大阪大学、島津製作所、シグマクシスは3月28日、3Dバイオプリント技術の社会実装に向けて3者が協業すると共同記者会見で発表した。

これに先立ち、大阪大学と島津製作所は「3Dバイオプリントを応用したテーラーメイド培養肉の自動生産装置の開発」に関する共同研究契約も締結。2025年に開催を予定している大阪万博で、3Dバイオプリント技術を活用した「培養肉」の展示を目指すとしている。

ステーキのような培養肉「自動化で」

培養肉自動

画像:島津製作所プレスリリースより引用

今回の協業で基礎的な技術開発を担うのは、大阪大学大学院工学研究科の松崎典弥教授だ。

松崎教授の研究室では、2021年8月、和牛の培養細胞を3Dプリンターを使って組み合わせることで「ステーキ」を作り、大きな話題を呼んだ

培養肉のステーキ

松崎教授が開発した培養肉のステーキ。

画像:大阪大学プレスリリースより引用

細胞を培養して肉を作り出す「培養肉」の研究は、「代替肉」の一つとして世界的に注目されている。

代替肉の業界では、現状では大豆などの植物をベースとした製品が大半。一方で、動物細胞を培養して肉そのものを作ろうとする動きもある。

2020年にはシンガポールで、世界初となる培養肉によるチキンナゲットの製造販売が許可された。開発したのはアメリカのスタートアップ企業「イート・ジャスト」だ。

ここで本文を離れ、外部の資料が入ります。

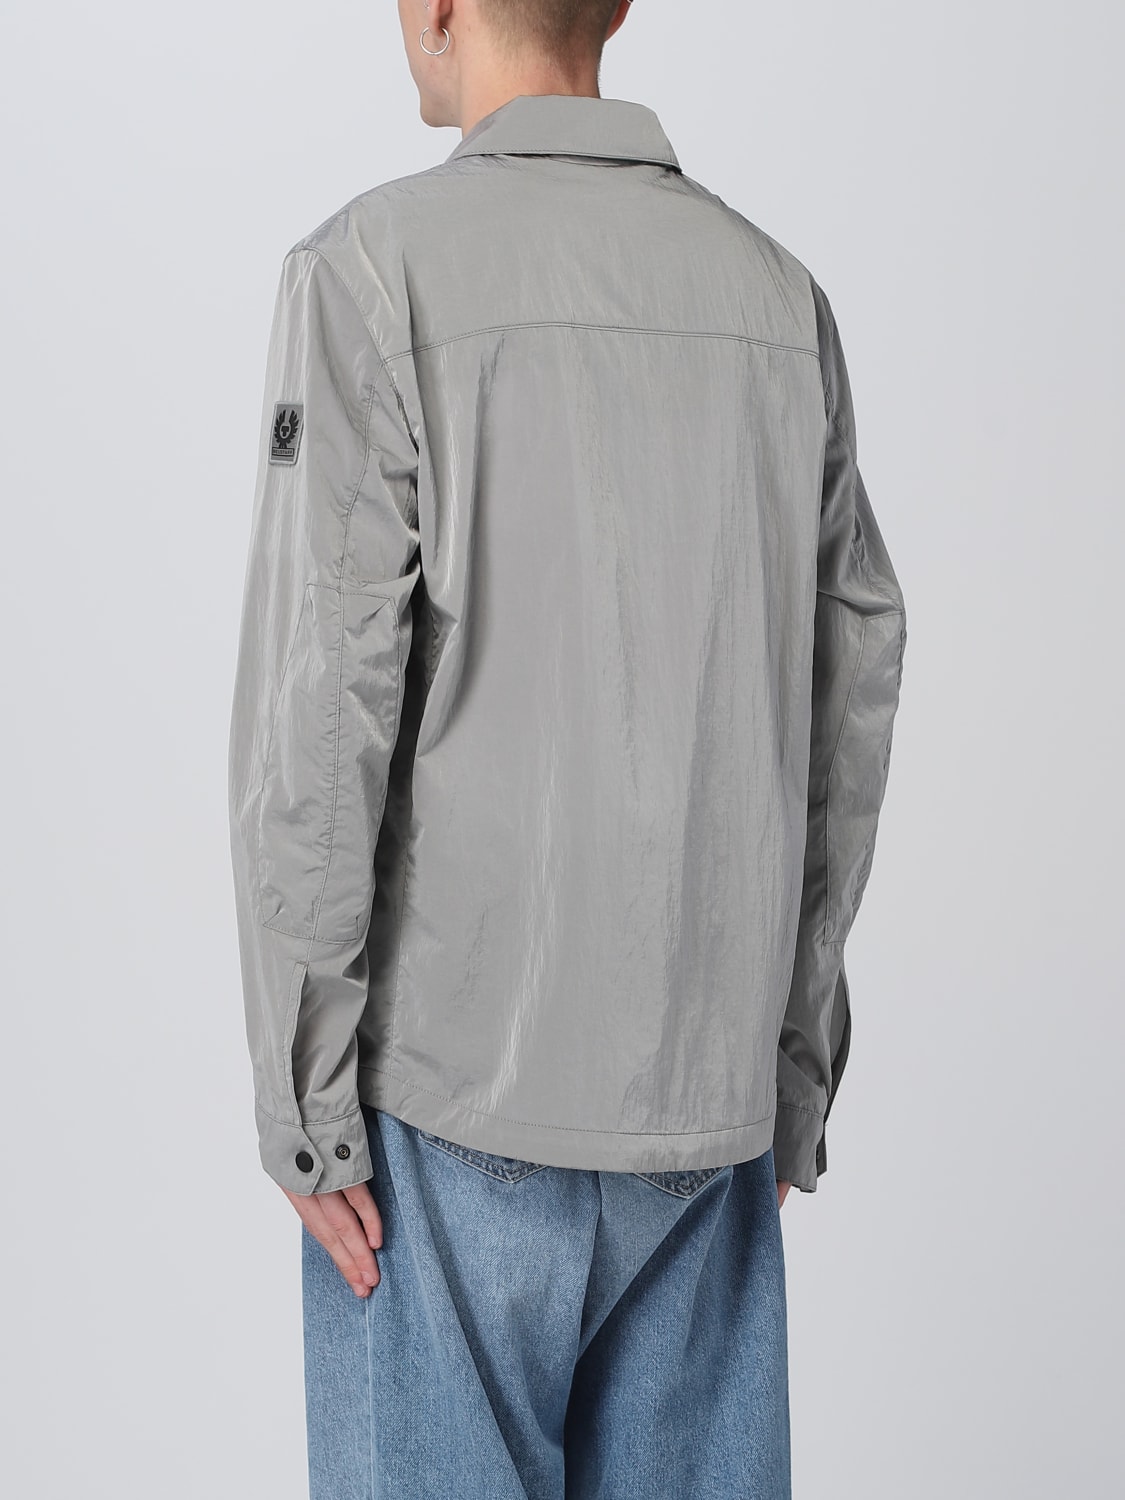 Belstaff Outlet: jacket for men - Grey  Belstaff jacket 103986 online at
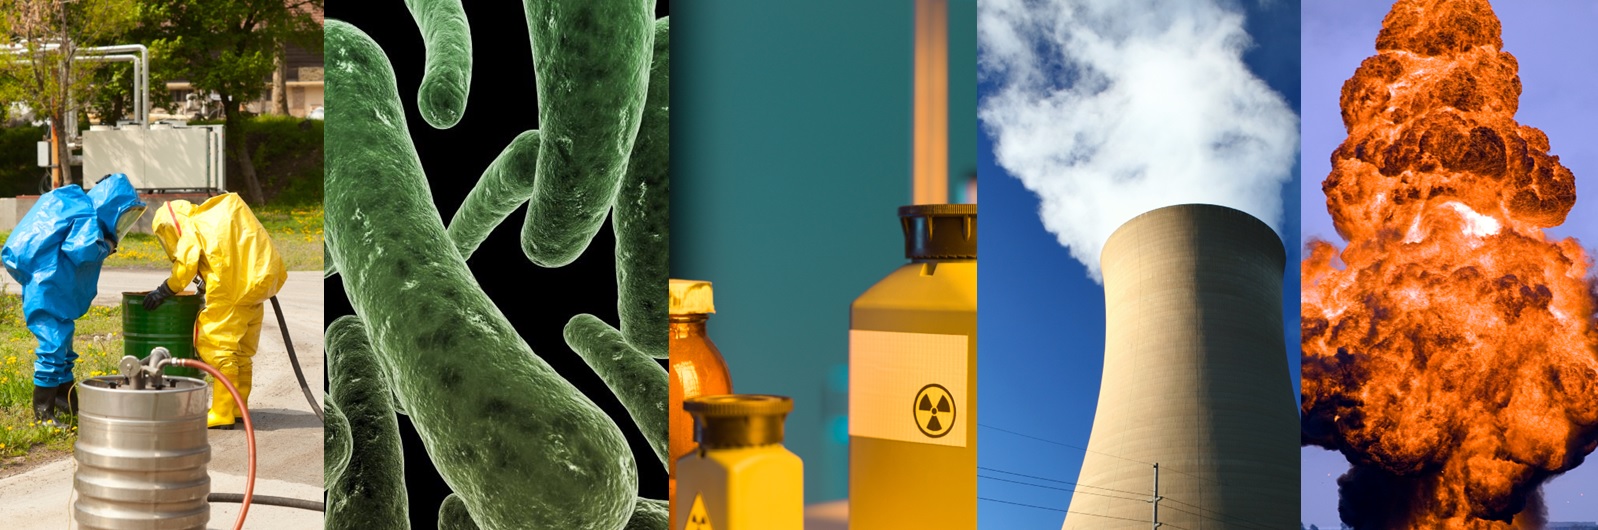 Kimyasal, Biyolojik, Radyolojik, Nükleer Tehdit ve Tehlikelere Dair Görev Yönetmeliği'nde Revizyon

国内では、スタートアップのインテグリカルチャーが2022年度中に培養フォアグラの市場投入を狙っている。2021年11月には、日揮HDも培養肉の技術開発を目的に新会社を設立した

培養肉の開発では、ミンチのように肉の繊維が細切れになったものはできていても、繊維が保たれたステーキのような「構造化された培養肉」を作ることは難しい。

これを実現するには、実際に「筋肉の組織」に近い構造を構築する技術が必要となる。

また、「iPS細胞を培養して臓器を作る技術」のように、細胞を培養する中で、うまく筋肉の組織構造を作る研究の方向性もありうる。松崎教授はこれを3Dプリンターを使って実現しようとしているわけだ。

「細胞レベル、1ミリメートル以下の繊維構造を作り、束ねていかなければならない。そこに3Dプリンターが活用されます」(松崎教授)

松崎教授らは2021年夏に培養細胞を使ったステーキ肉を発表したが、これは焼肉の肉から組織標本を取り、作成した設計図に基づいて脂肪や血管、筋繊維を配置することで構築したという。

今回の協業では、基本的に2021年夏に発表した培養肉の作成方法を自動化。世界中のどこででも作成可能にすることを目指す。

自動化する上での技術的な課題はどこにあるのか。Business Insider Japanの質問に対し、松崎教授は

「やはり手作業でやっている部分と、自動化でやるところで大分変わってくるところがある」

と、微細な構造の構築を自動化する際に難しさが生じると語った。

また、今回の協業では培養肉の3Dプリント技術だけではなく、3Dプリンターの可能性を追求する新たな基礎技術の開発にも取り組むとしている。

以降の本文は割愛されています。